After a short presentation on each of the potential district maps, the council opened up the floor to public comment. The discussion drew an unusually high number of community members, with over 20 different individuals delivering input in two-minute comments. 

Many commenters advocated for five districts, citing a desire to keep council procedures simple. Supporters of the five-district maps expressed a desire to make the number of council members low and the city meetings shorter. Some also argued that Davis’ relatively small size did not warrant more than five districts.  

Greg Rowe, a member of the Davis Planning Commission, compared the population of Davis to larger cities where he had worked, like Cincinnati, which has nine districts or Oakland, with seven districts.  

“Davis is not that large of a town — it’s 68,000 people,” Rowe said. “I just don’t see the need to have the same number of districts that you see in cities that are substantially larger.”

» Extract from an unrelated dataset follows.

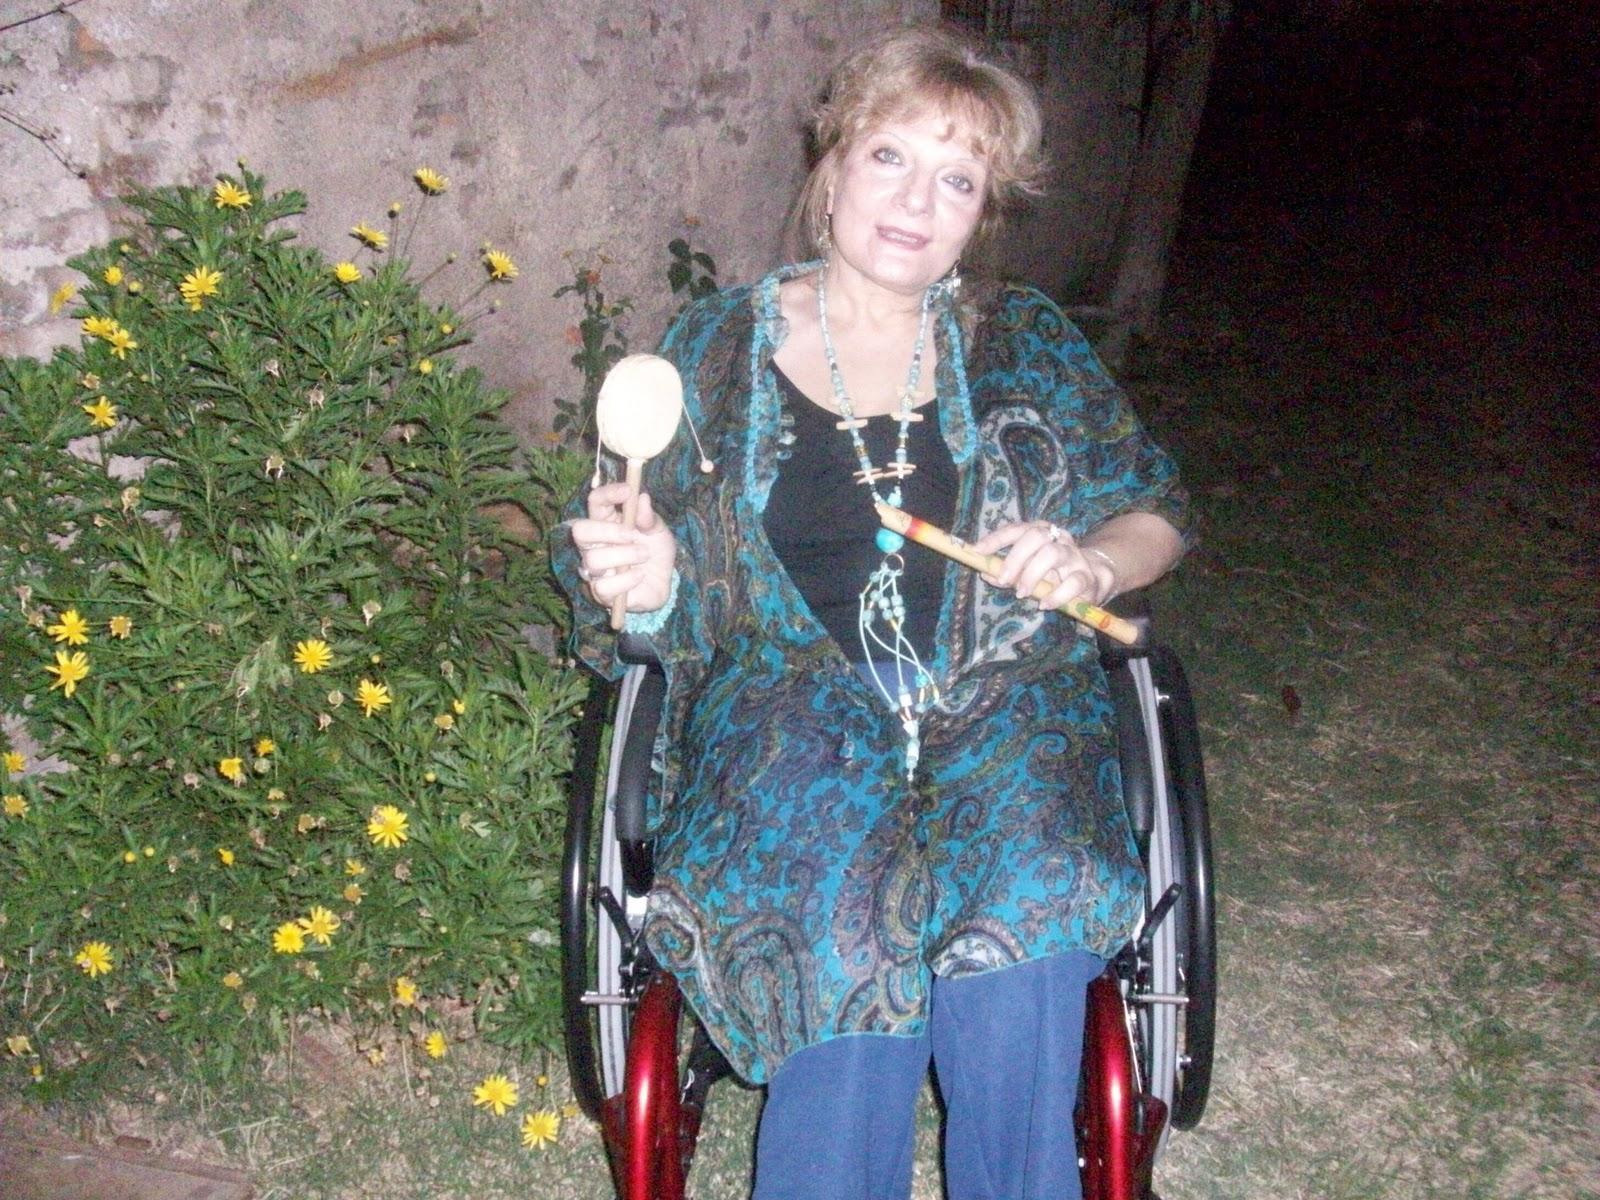 http://4.bp.blogspot.com/-W-b6BzhzR7w/TtSi8iYoa8I/AAAAAAAAAyE/ZjXsCVCBCok/s1600/Adriana+Cantale.jpg

Many students who attended the meeting spoke in favor of a seven-district map, arguing that one or more districts with a majority of renters would better represent student populations during elections.

Brooke Pritchard, president of the Davis College Democrats, argued that a majority-student district would give UC Davis students a voice in important city matters relevant to their concerns, including tenant rights and cost-of-living issues.   

“Because 55% of students are Davis residents, without a district aimed towards Davis students, we will inevitably be disenfranchised,” Pritchard said. 

Council members, on their part, also initially disagreed over whether five or seven districts would best serve the needs of the city.   

Councilmembers Dan Carson and Will Arnold, as well as Mayor Pro Tempore Gloria Partida, supported a five-district map. Carson argued that a seven-person city council makes it more difficult for the council to address city-wide issues in a unified manner.  

“There are really important issues coming to our city: on finances, on land use, on housing,” Carson said. ”We need, more than ever, to work closely and cohesively together and I think a five-district map gives us the best chance of doing that.” 

Partida, though voicing her support for a five-district map, expressed displeasure with the districting process itself, saying that she believed it ultimately disenfranchised the Latinx population in Davis. 

“What this has done for the Latino population is that we’re at [around] 11% in these districts, so this process has actually disenfranchised the Latino population,” Partida said. “The highest that I think I’ve seen is at 17%, so that’s very troubling to me.” 

Councilmember Lucas Frerichs and Mayor Brett Lee initially favored seven-district maps. Lee claimed that seven districts in Davis would lower the cost of campaigning in the city. As a result, more citizens would be encouraged to run for office. Furthermore, Lee said that seven council members would ease the substantial workload council members currently face.

“When I say [to citizens] ‘Hey, you should run for city council’ — if the cost doesn’t scare them off, then the fact that literally, they’re going to be away from their homes and family for four to five nights a week on a regular basis [does],” Lee said. “This is concerning.”

Lee and Frerichs represented a minority on the council and ultimately voted with the rest of the council members to unanimously approve the fourth version of the five-district map. In their next meeting on Nov. 5, council members approved an ordinance that would push the next city council election from March 2020 to November of that year, finalizing the city’s transition to a district-based election system.